What you should do: The expected output is the full data, repeated exactly, without pictures.

Exercise data:
##############################
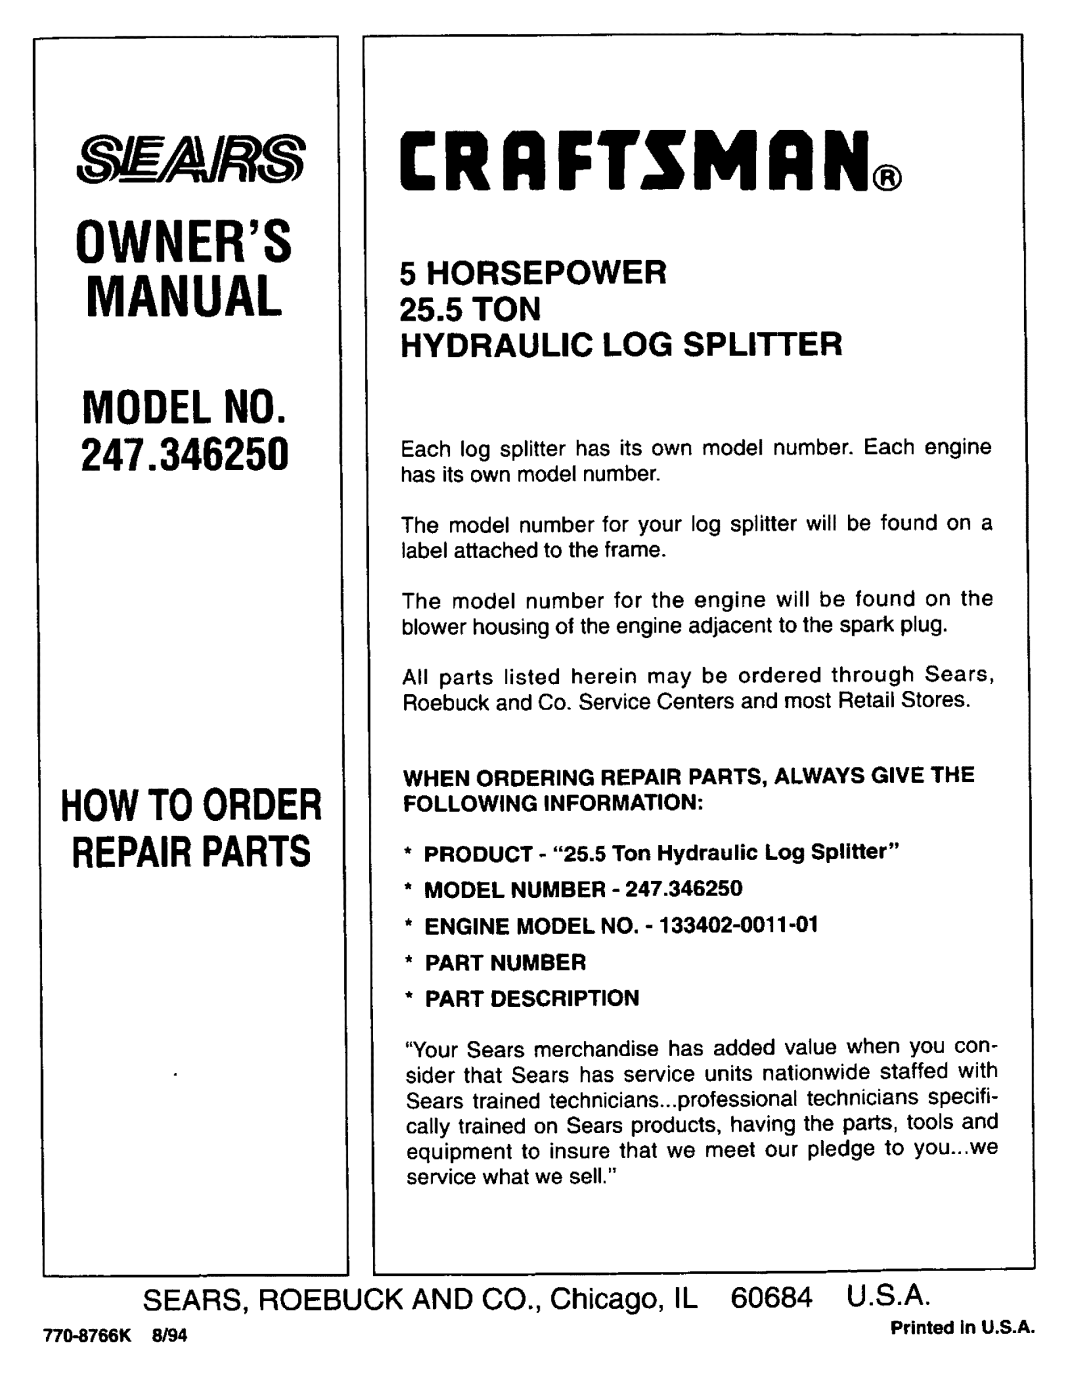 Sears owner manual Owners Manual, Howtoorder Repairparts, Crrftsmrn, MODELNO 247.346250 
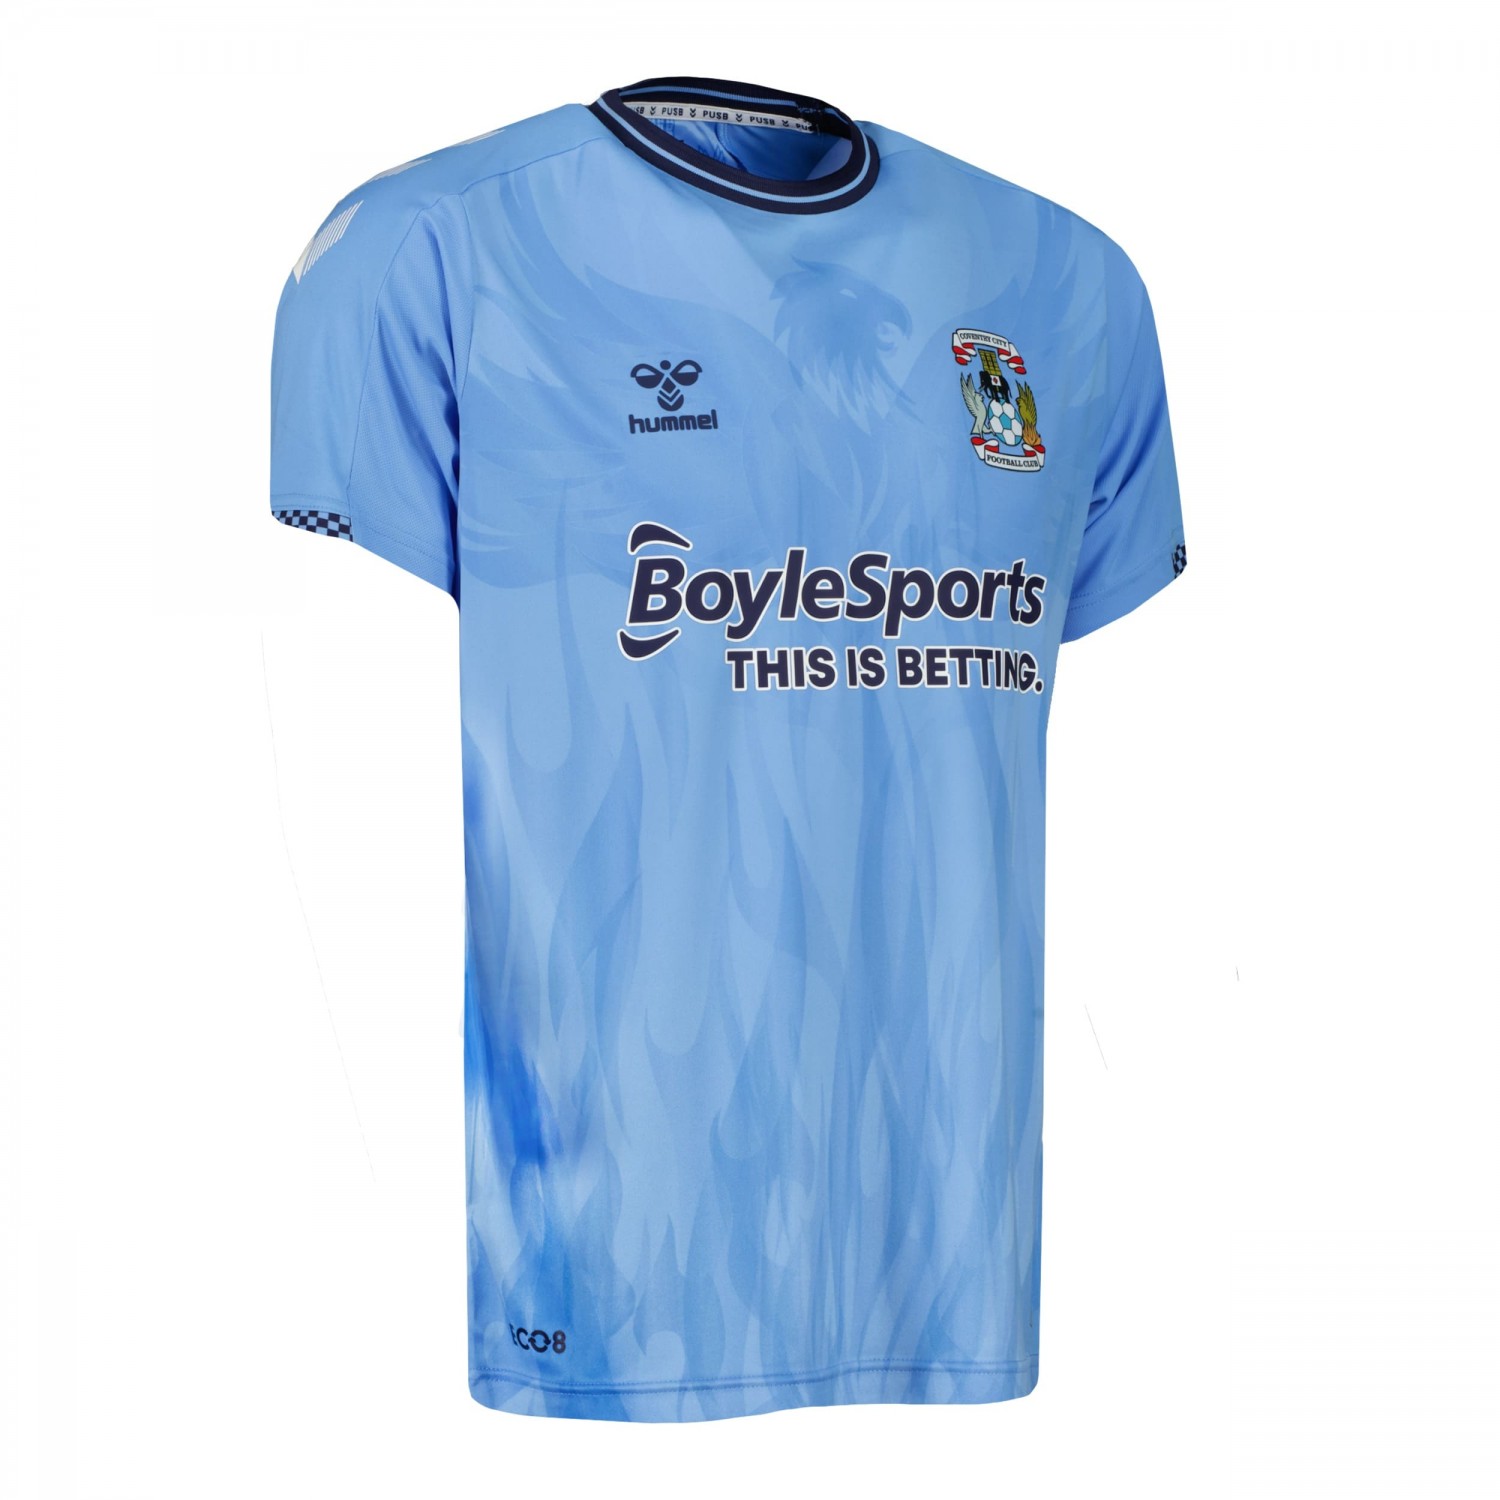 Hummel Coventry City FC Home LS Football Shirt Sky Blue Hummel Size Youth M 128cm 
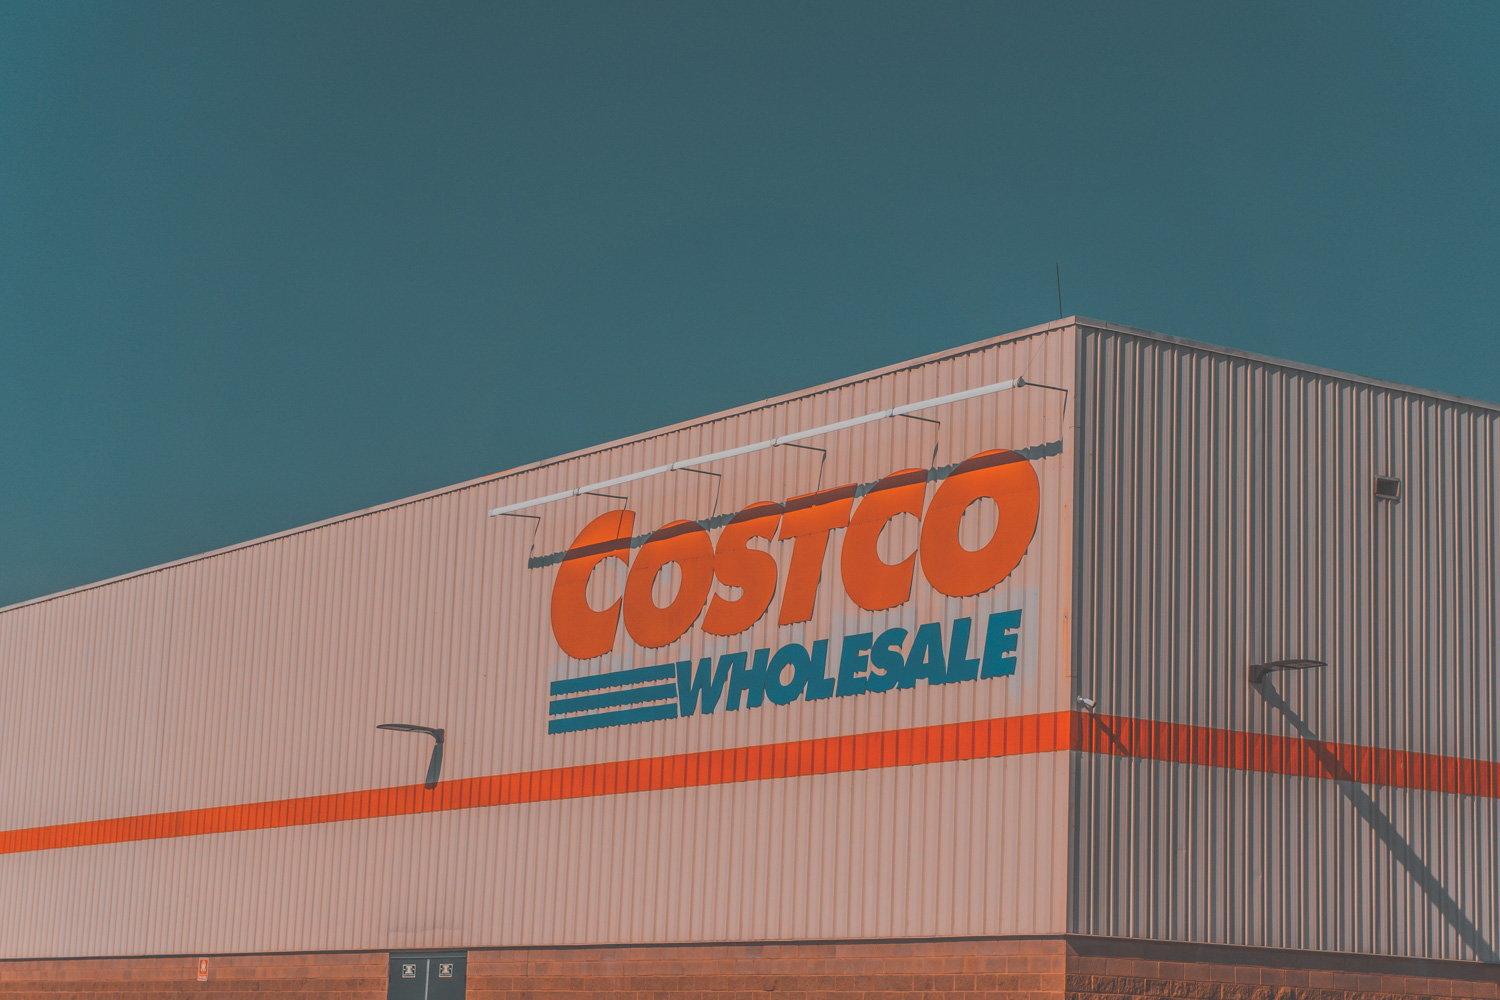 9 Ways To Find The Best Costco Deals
##############################
Result:
 Sears owner manual Owners Manual, Howtoorder Repairparts, Crrftsmrn, MODELNO 247.346250 
 Hummel Coventry City FC Home LS Football Shirt Sky Blue Hummel Size Youth M 128cm 
 9 Ways To Find The Best Costco Deals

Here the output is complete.